In addition, the lock element 10 is located with a force fit between the two insulating elements 4, where the lock element 10 substantially has a fibre course which extends from the building wall 2 to the facade cladding 6. On its end face 12 facing the facade cladding 6, the lock element 10 has a layer 13 formed in one piece with the lock element 10, which also consists of mineral fibres and binders but has an elevated bulk density compared with the lock element 10.
It can furthermore be identified in FIG. 1 that on its two surfaces facing the insulating elements 4, the lock element 10 has a lining 14 made of a film having low frictional resistance.
Located between the end face of the lock element 10 and the inner surface 15 of the facade cladding 6 is a spacer element 16 which is shown in detail in FIG. 7.
The spacer element 16 consists of a screw element 17 with a threaded section 18 and a head 19 located on the opposite end which has an enlarged diameter compared with the threaded section 18. The screw element 17 passes through a pressure plate 20 which in the mounted state rests on the end face of the lock element 10. At a distance consistent with the material thickness of the pressure plate 20 the screw element 17 has nipple-shaped projections so that the pressure plate 20 which can be pushed over the nipple-like projections 21 under the application of a certain force, is held in a fixed position between these projections 21 and the head 19.
The screw element 17 consists of a plastic which melts under the action of fire so that in particular under the action of fire the head 19 melts and enables a displacement of the pressure plate 20 in the axial direction of the screw element 17. In the case of a lock element 10 pre-tensioned by means of the spacer element 16, the lock element configured in such a manner can be released in the case of fire after the head 19 has melted away so that the lock element 10 moves in the direction of the inner surface 15 of the facade cladding 6.
FIG. 1 shows in this respect an embodiment in which the screw element 17 is disposed and anchored inside the lock element 10. Compared with this, FIG. 2 shows an embodiment with a spacer element 16 whose screw element 17 is anchored in the building wall 2.
FIGS. 3 to 6 show alternative embodiments of the lock element 10 and are described hereinafter.
FIG. 3 shows a lock element 10 which is formed from a mineral fibre board which can be bent to produce a restoring force in such a manner that two legs 23 running parallel to one another and a web 24 connecting the legs are formed. On a surface 25 facing the inner surface 15 of the facade cladding 6 in the installation position, one leg 23 has a coating 26 preferably containing mineral fibres. The coating 26 expands under the action of fire at least on its surface facing towards the facade cladding.
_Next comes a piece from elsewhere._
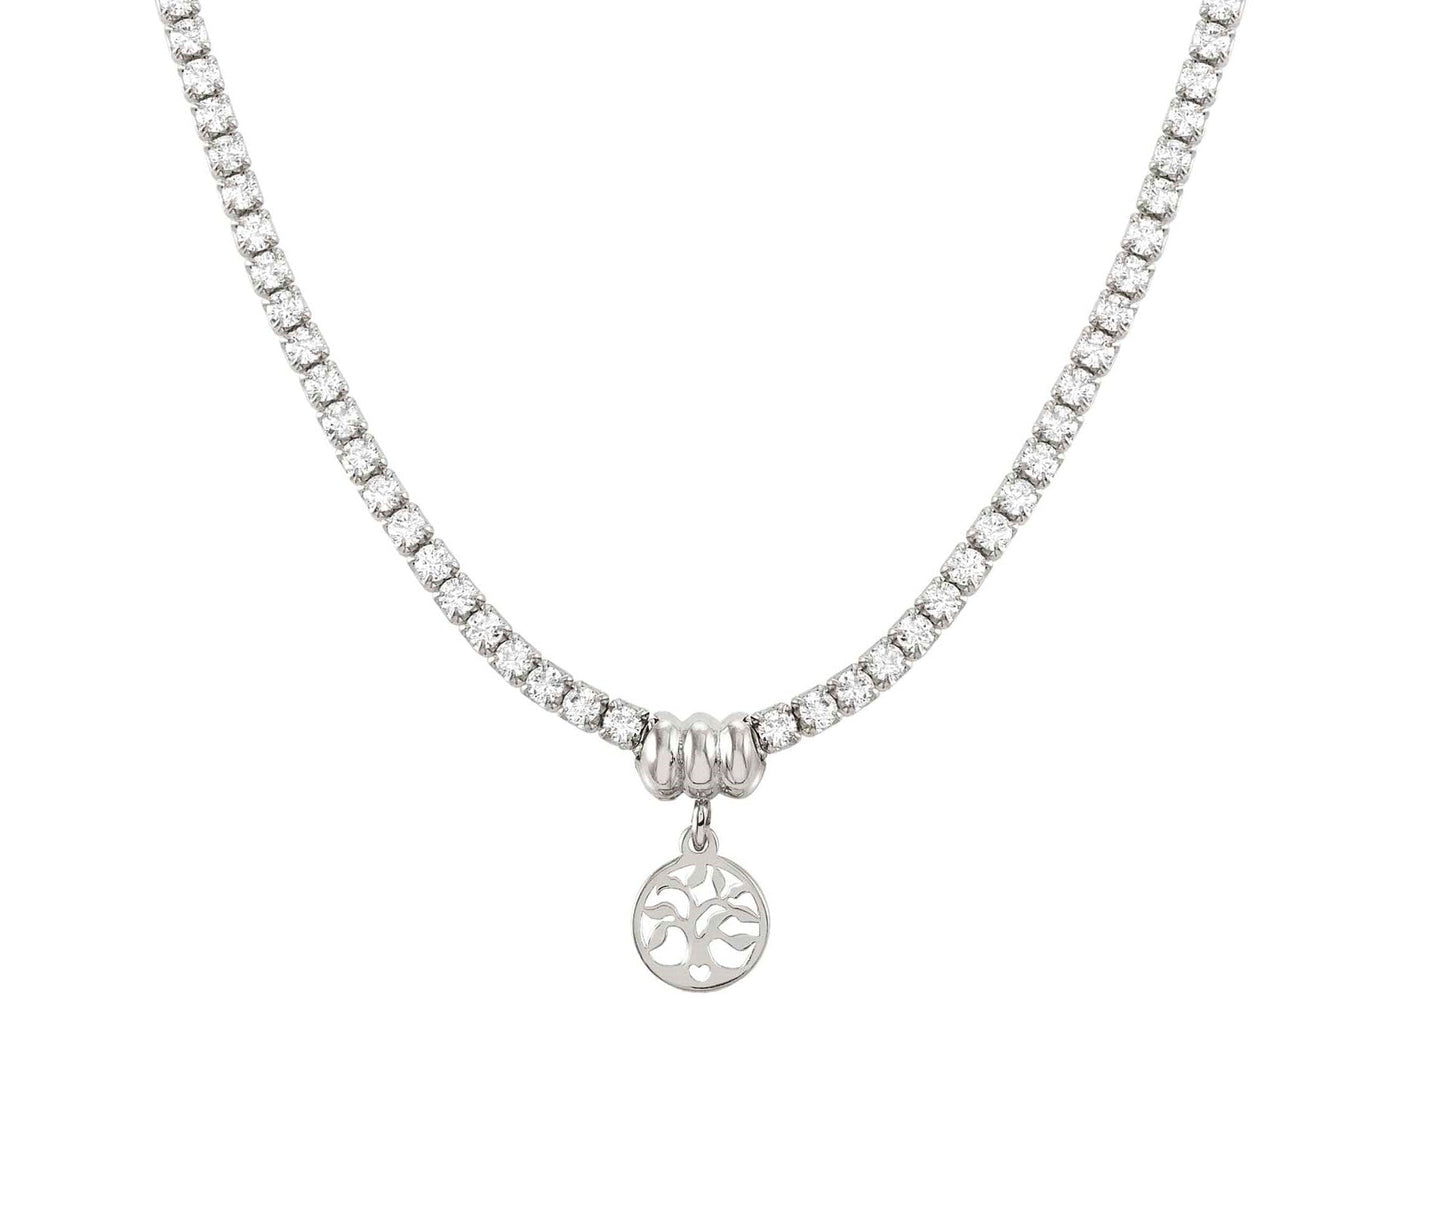 Nomination Chic & Charm Necklace with CZ Silver Tree of Life

The coating 26 can be covered by a not shown lining of an aluminium foil.
In addition, a material which expands under the action of fire, in particular an intumescent material, can be provided in a cavity 27 of the lock element 10 formed between the legs 23.
In addition, FIG. 3 shows a banderole 28 which is held by the two legs 23 in the initial position and which burns and/or melts under the action of fire so that the two legs 23 are released under the action of fire and as a result of the pre-stressing in the area of the web 24, the leg 23 with the coating 26 is pivoted in the direction of the inner surface 15 of the facade cladding 6. Abutting against the inner surface 15 of the facade cladding 6 in such a manner, the leg 23 with the coating 26 forms a fire barrier.
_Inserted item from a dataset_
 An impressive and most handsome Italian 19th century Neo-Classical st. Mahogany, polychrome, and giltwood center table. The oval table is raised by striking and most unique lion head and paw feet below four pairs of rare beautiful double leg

An alternative embodiment of the lock element 10 is shown in FIG. 4. This embodiment of the lock element 10 consists of two parts 29 and 30 which are displaceable relative to one another along their contact surfaces 31 provided that a banderole 28 preventing displacement into the initial position forms the connection between the two parts 29 and 30. The lock element 10 according to FIG. 4 also has a coating 26 on its side surface which in the case of fire abuts at least partially against the inner surface 15 of the facade cladding 6 after displacement of the part 29 relative to the part 30. The contact surfaces 31 of the two parts 29, 30 can additionally be formed with a film which has a low friction resistance so that in the case of fire after removal of the banderole 28 the part 29 can slip in a simplified manner along the contact surface. In order to improve the movement of the part 29 relative to the part 30 of the lock element 10, it is provided that the part 29 has an increased bulk density compared with the part 30, this can also be provided, for example, by doping the pores formed between the fibres in the part 29 with a material having a high specific bulk density. The coating 26 in FIG. 4 can have the same characteristics as the coating 26 in FIG. 3 for example a lining made of a foil, especially of aluminium.
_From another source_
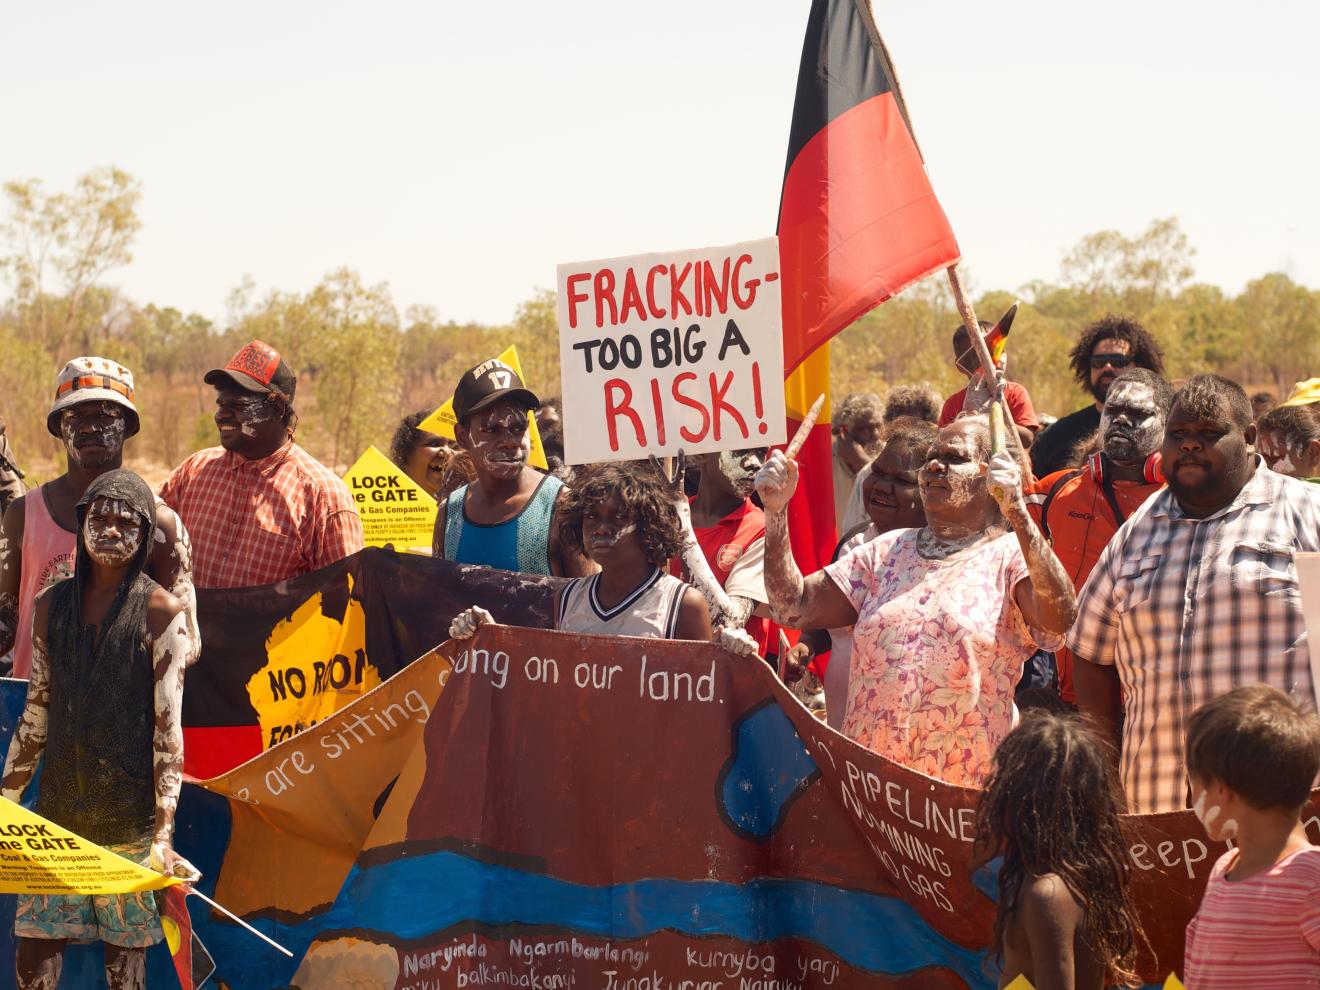 A group of Indigenous people asserting sovereignty over their lands and contesting unwanted and destructive development

FIG. 5 shows another embodiment of a lock element 10 which consists of a mineral fibre body 32. End faces 33 of the mineral fibre body 32 located diametrically opposite are formed with different layers 34, 35 where the layer 34 consists of mineral fibres and binders which layer 34 has an increased bulk density compared with the mineral fibre body 32.
The layer 35 also consists of mineral fibres and binders and is configured to be compressible or flexible so that unevennesses of the building wall 2 can be compensated over the layer 35.
Finally FIG. 6 shows a further configuration of the embodiment of the lock element according to FIG. 10. It can be seen that the mineral fibre body 32 has a fibre course in the longitudinal axial direction or in the direction of the surface normals of the two end faces 33. Compared to this, the two layers 34, 35 have a fibre course at right angles thereto, i.e. parallel to the end faces 33.
Furthermore, it can be seen that the mineral fibre body 32 has a lining 36 in the area of its two surfaces running at right angles to the end faces 33, which is formed from a friction-reducing material, in particular a film.
Finally, the lock element 10 according to FIG. 6 has a layer 37 of an adhesive in the area on the layer 35, which is covered with a film layer 38. By removal of the film layer 38 the adhesive in the layer 37 is activated and is then available for adhesion of the lock element 10 to the building wall 2.
The previously described banderoles 28 can, for example, consist of a polyethylene film. 40 to 60 kg/m3 have proved advantageous for the bulk density range for the lock element 10 according to FIG. 3. In addition to the previously described films for the coatings of the lock element 10, fleece linings are also feasible in order, for example, to avoid cracking of the lock element 10, in particular in an embodiment according to FIG. 3.
The spacer element 16 of FIG. 7 can be used to fix a second layer for example made of mineral wool to the outside of an existing insulation layer to increase the insulation properties of the existing insulation in the facade area, for example in the renovation and refurbishment of existing buildings.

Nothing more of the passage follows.